EXERCISE DIRECTIONS: Set down exactly the lines in the records below that run from the line with "Novella Blue (4004-5B)" to the line with "Plumose anemone (Metridium", inclusive, and nothing more.

TASK MATERIAL:

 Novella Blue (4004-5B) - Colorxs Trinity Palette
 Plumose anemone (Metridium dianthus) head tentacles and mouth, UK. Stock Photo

...

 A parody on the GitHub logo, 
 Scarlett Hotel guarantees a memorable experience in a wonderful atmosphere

--

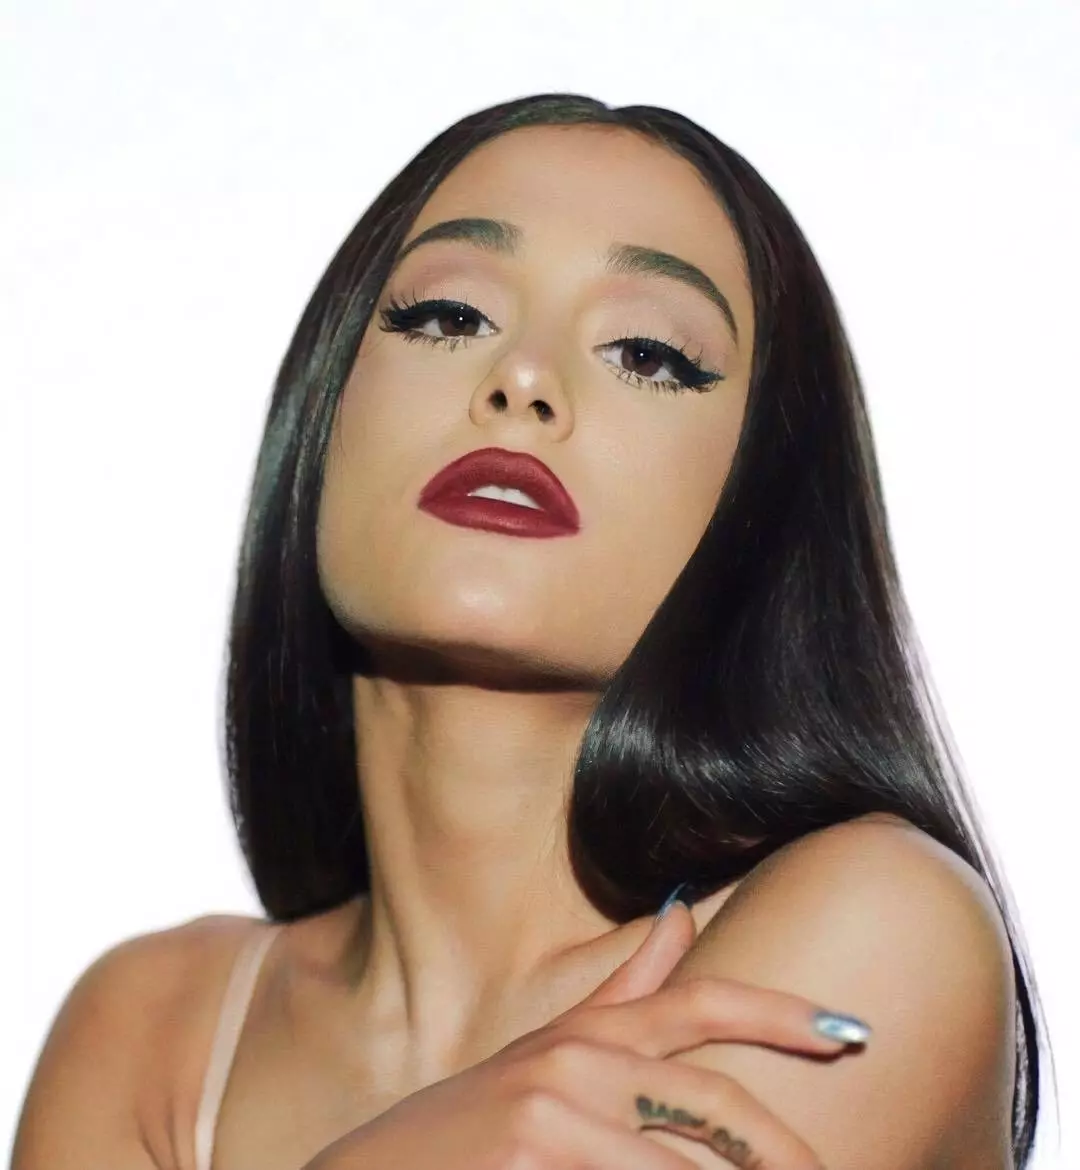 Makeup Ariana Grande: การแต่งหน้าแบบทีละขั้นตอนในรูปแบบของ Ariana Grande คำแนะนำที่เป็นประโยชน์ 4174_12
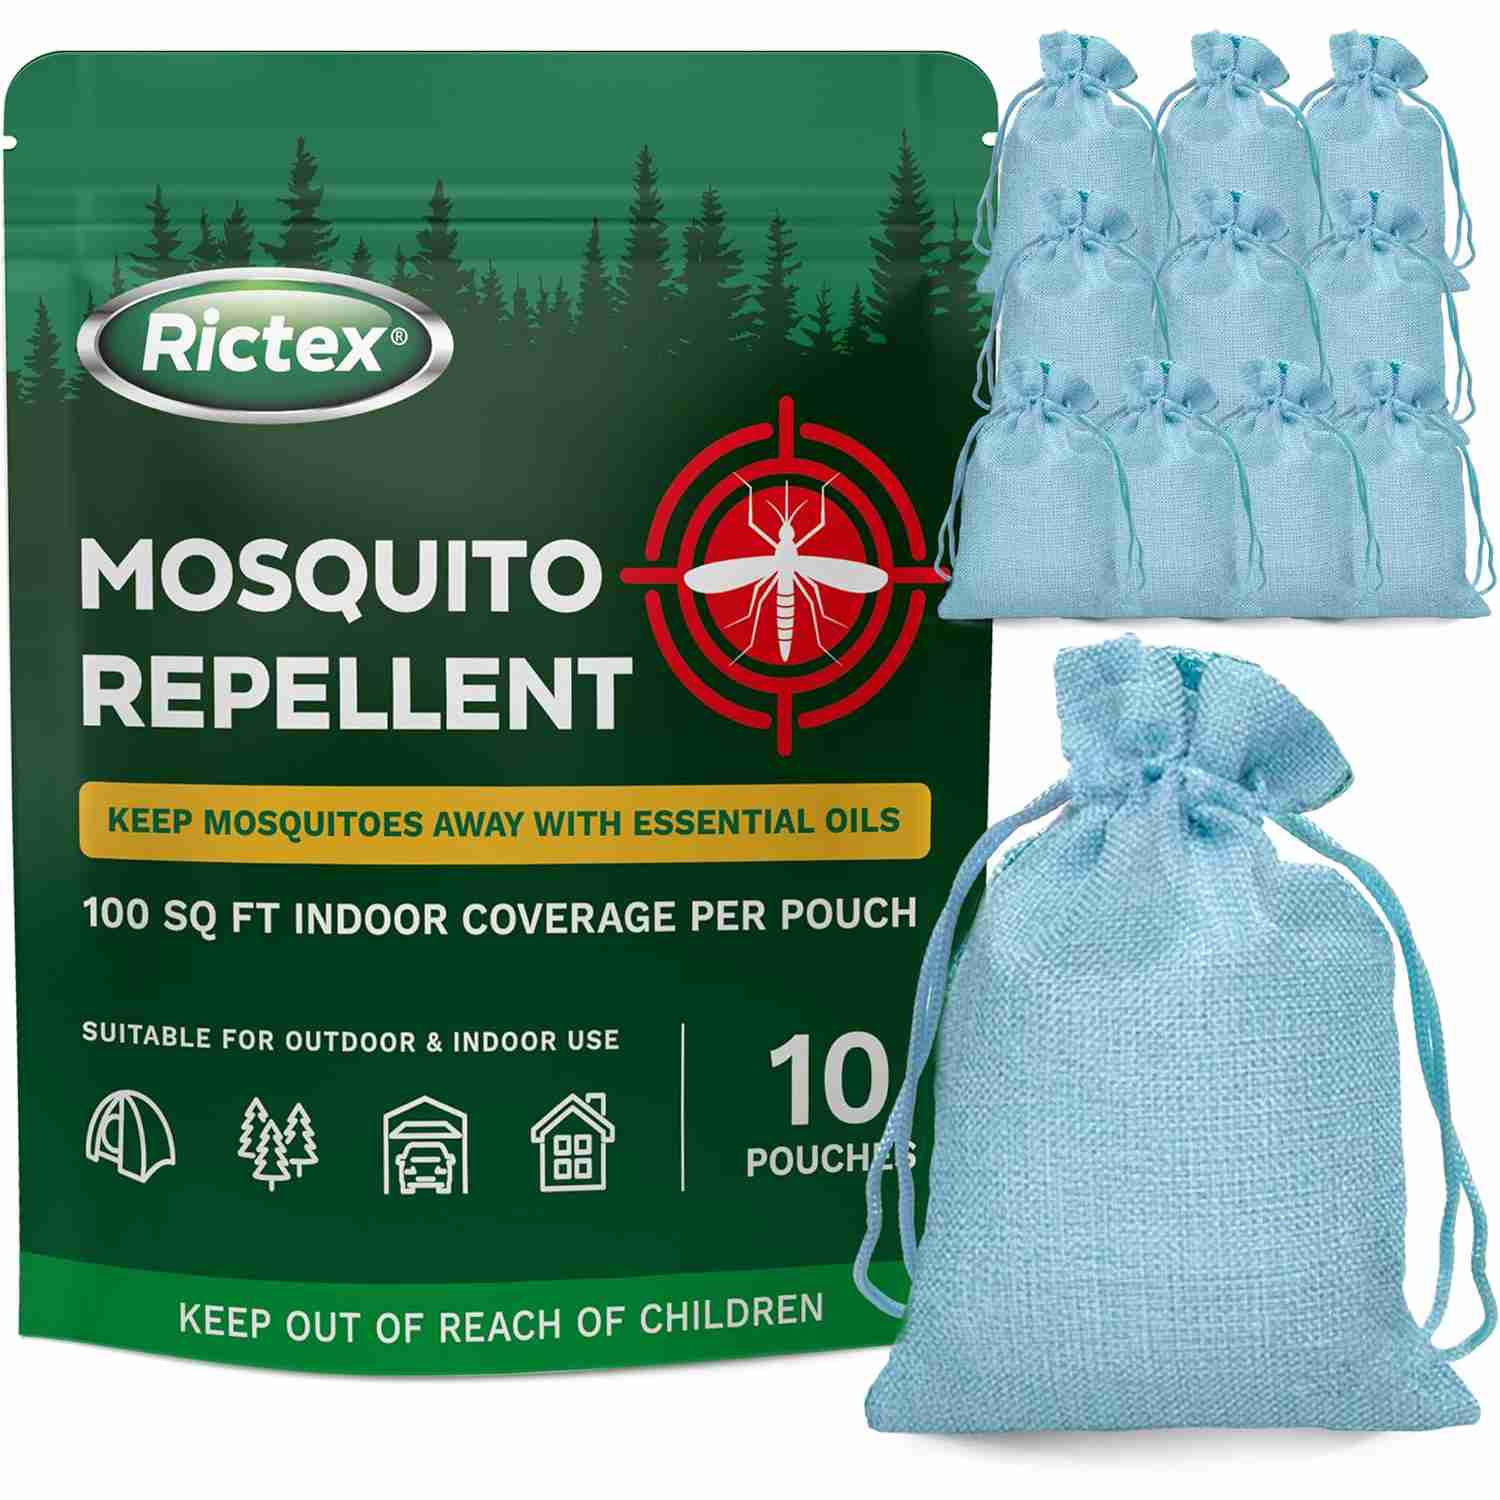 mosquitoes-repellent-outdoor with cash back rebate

RESULT FOR THIS TASK:
 Novella Blue (4004-5B) - Colorxs Trinity Palette
 Plumose anemone (Metridium dianthus) head tentacles and mouth, UK. Stock Photo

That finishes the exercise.